I just need the perimeter (go around exactly once)..is there a method where I can count the number of turns it makes? and may be average out over the full perimeter?

or maybe we can sort the data in such a way around the curve.

I was thinking if we could calculate the length of such a closed curve provided I have data points.

Answer 1

Use FindShortestTour Or ReconstructionMesh.

data = Table[{Cos[t], Sin[t], Sin[t]*Cos[t]}, {t, 0, 2 \[Pi], .1}];
data = RandomSample[data, Length@data];
{length, indexes} = FindShortestTour[data];
reg = Line[data[[indexes]]];
plot = Graphics3D[reg]
{length, reg // ArcLength, ReconstructionMesh[data] // ArcLength}

{7.63423, 7.63423, 7.63423}

Answer 2

The simplest thing would be to add up the straight lines between points. But that gives a somewhat too short a length because the line is not straight but curved. A better approach seems therefore to interpolate the data points and then calculate the length.

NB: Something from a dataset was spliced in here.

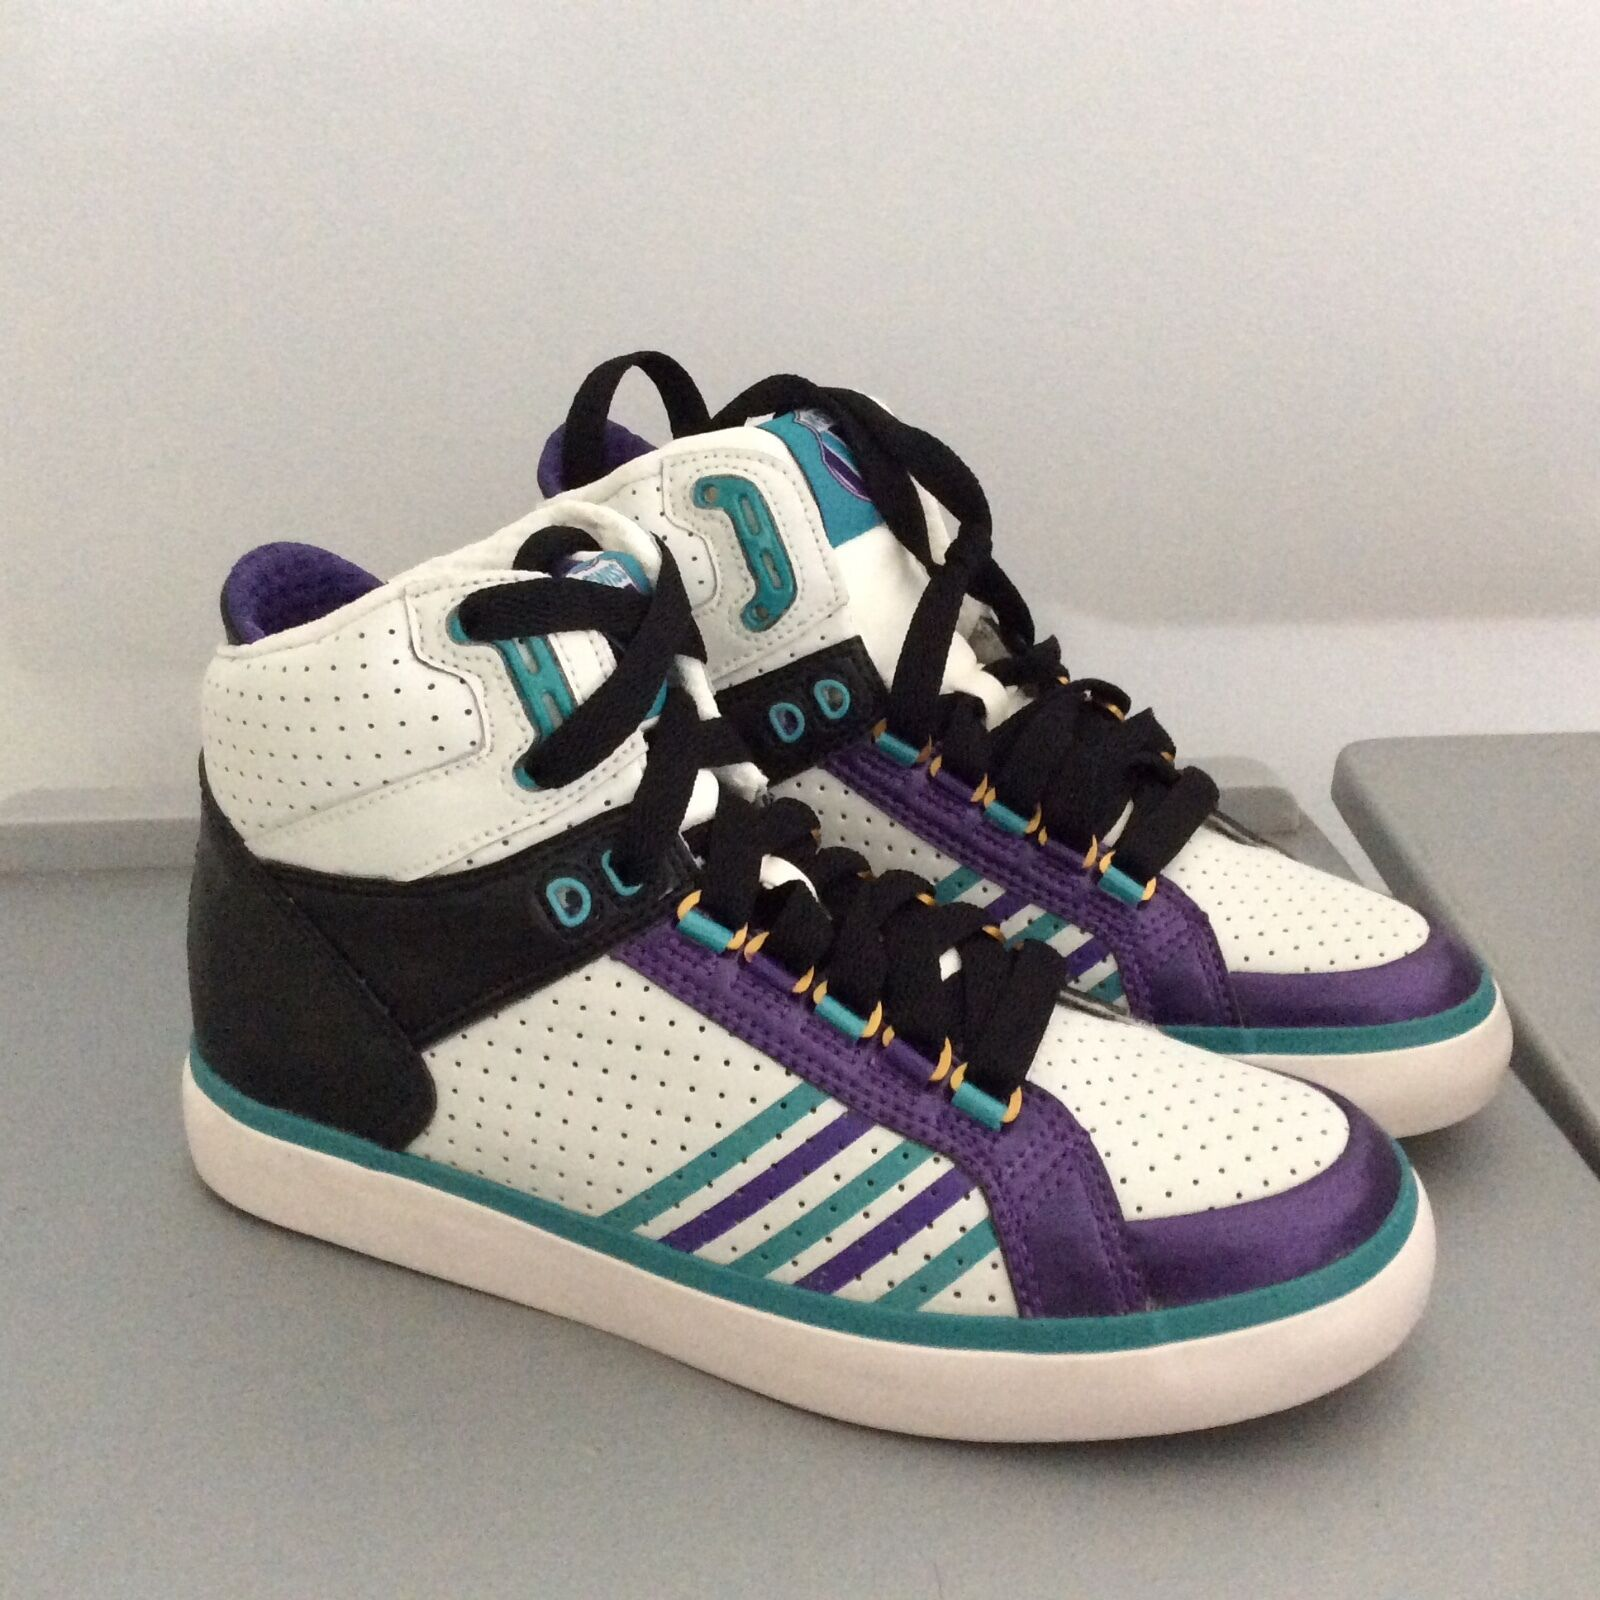 K Swiss Venezien Damen Schuhe Loe 5 1 2 M Weiß Türkis Lila Athletic Neu

The interpolation is done on the x/y/z component separately:

data = Table[{Cos[t], Sin[t], Sin[t]*Cos[t]}, {t, 0, 2 \[Pi], .1}];
AppendTo[data, data[[1]]];
int[t_] = Interpolation[#, Method -> "Spline"][t] & /@ Transpose@data
NIntegrate[Norm[int'[t]], {t, 1, 64}]

The length is now calculated by integrating the norm of the derivative from the first to the last point:

NIntegrate[Norm[int'[t]], {t, 1, 64}]

(* 7.6404 *)

Answer 3

Probably the simplest way is to compute the ArcLength of the line. Don't forget to add the first point to the end of the line to make it closed:

data = Table[{Cos[t], Sin[t], Sin[t]*Cos[t]}, {t, 0, 2 π, .1}];
pts = Append[data, data[[1]]];
len1 = ArcLength@Line[pts]

7.634227745692222`

One can also generate an interpolating spline curve with centripetal parametrization using ResourceFunction["LeeInterpolatingNodes"], and then compute its length:

int = Interpolation[Transpose[{ResourceFunction["LeeInterpolatingNodes"][pts], pts}], 
   Method -> "Spline"];
len2 = NIntegrate[Norm[int'[t]], {t, 0, 1}, PrecisionGoal -> 10]

7.640389067320646`

This value is expectedly larger because the line segments are curved rather than straight. Compare with the theoretical arc length of the curve:

l = ArcLength[{Cos[t], Sin[t], Sin[t]*Cos[t]}, {t, 0, 2 π}] // N

7.640395578055424`

By increasing the InterpolationOrder, we can achieve even better approximation:

int = Interpolation[Transpose[{ResourceFunction["LeeInterpolatingNodes"][pts], pts}], 
   Method -> "Spline", InterpolationOrder -> 4];
len3 = NIntegrate[Norm[int'[t]], {t, 0, 1}, PrecisionGoal -> 10]

7.640398305829719`

However, in this case uniform parametrization gives even better result (it is equivalent to the method used by Daniel Huber):

int = Interpolation[Transpose[{ResourceFunction["LeeInterpolatingNodes"][pts, 0], pts}], 
   Method -> "Spline", InterpolationOrder -> 3];
len4 = NIntegrate[Norm[int'[t]], {t, 0, 1}, PrecisionGoal -> 10]

7.640396695308711`

Compare with the theoretical value:

{len1, len2, len3, len4} - l

P.S. Strongly related answers: (1), (2).

Answer 4

This answer concerns the simplest thing that one can do, namely add up the length of the line segments joining the data points. Assuming data is of the form {{x1,y1,z1},...,{xn,yn,zn}}, one can use:

len[data_] := Sum[Norm[data[[i+1]]-data[[i]]],{i,1,Length[data]-1}];

or

len[data_] := Total[Map[Norm,Rest[data]-Most[data]]];

Two comments:

• I have assumed that OPs data points are "in the right order" already. (OP expresses surprise that the data points give a nice curve. I do not know if this means that the points may be randomly permuted.)
• If the data points represent a closed curve, where the last and first data point must also be joined, one can use len[Join[data,{First[data]}]].

Answer 5

The approach I am about to share will not always work, but when it does, it works very well.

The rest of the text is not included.